Но было и кое-что еще. С некоторых пор в ночной тишине своей комнатушки, лежа в кровати и закрыв глаза, Лаура слышала вроде как звенящий гул, шедший, казалось, не из ее груди, а извне, откуда-то издалека, быть может из глубин космоса, как бы далекое эхо музыки, которая простыми гармониями доходчиво и понятно показывала, из чего состоит мир в его сокровенных глубинах. Когда слышала эти звуки, Лаура была счастлива и чувствовала единение с Вселенной. Но наутро, когда в укромном уголке Jardin du Plants она робко поднимала голос и пробовала их воспроизвести, получалась не всеобъемлющая мировая формула, а всегда лишь банальное, бездушное карканье, ничем не отличавшееся от карканья ее соседок.

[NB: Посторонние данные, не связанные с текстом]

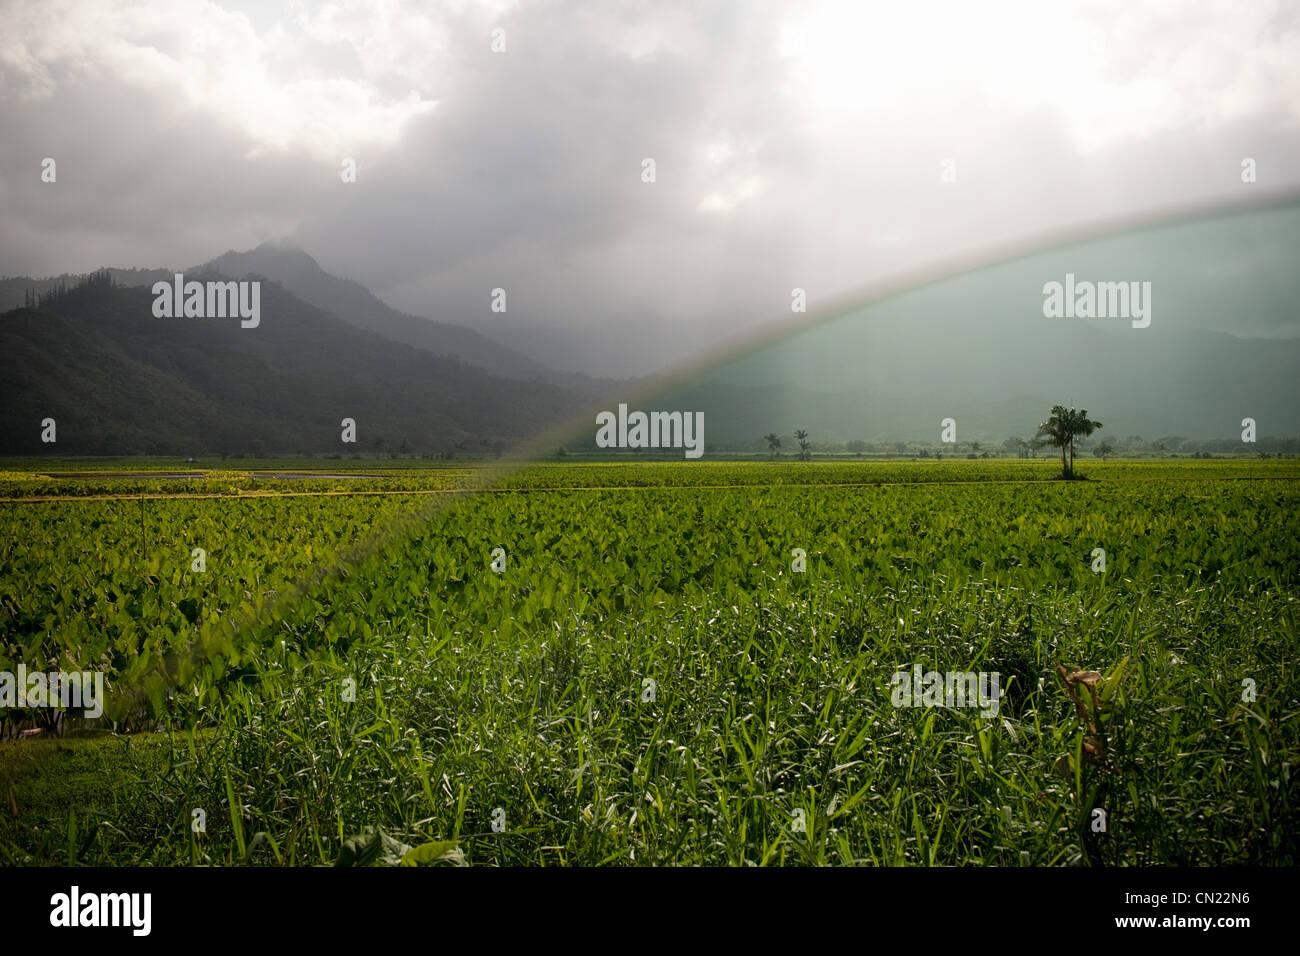 Hawaiian paisaje visto a través de la ventana de coche Imagen De Stock

Лаура была ужасно разочарована, оттого что ей никак не удавалось выразить свое ощущение. Конечно, в консерватории ее голос стал чище и полнозвучнее, и ноты она брала куда увереннее, но дело не в этом. Лаура не строила иллюзий. Артистичность натуры не позволяла ей обманывать себя, она понимала, что артисткой ей не бывать. И потому не удивилась, когда в конце третьего семестра педагог по вокалу уведомил ее с чисто парижской безжалостностью, что голос у нее неплохой, однако ж в плане развития бесперспективный и держать ее в консерватории четвертый семестр нет смысла.
Тем вечером она долго плакала в своей мансардной комнатушке на улице Бак, а в соседних комнатушках плакали другие девушки, получившие такое же уведомление. Правда, в отличие от них Лаура не искала утешения в том, что, мол, всему виной враждебность окружения, коварство эпохи или ограниченность преподавателей, нет, она трезво оценила ситуацию. Голос у нее бесперспективный, жаль, конечно, но так оно и есть. Ведь и в балетных школах девяносто девять учащихся из ста заканчивали карьеру по причине слишком широкого зада или слишком коротких ног, это обусловлено генетикой, и ничьей вины тут нет. Ведь и зубным врачом опять-таки может стать не каждый желающий. И не один юноша, горячо мечтавший стать прославленным футболистом, волей-неволей делался преемником отца в зеленной лавке.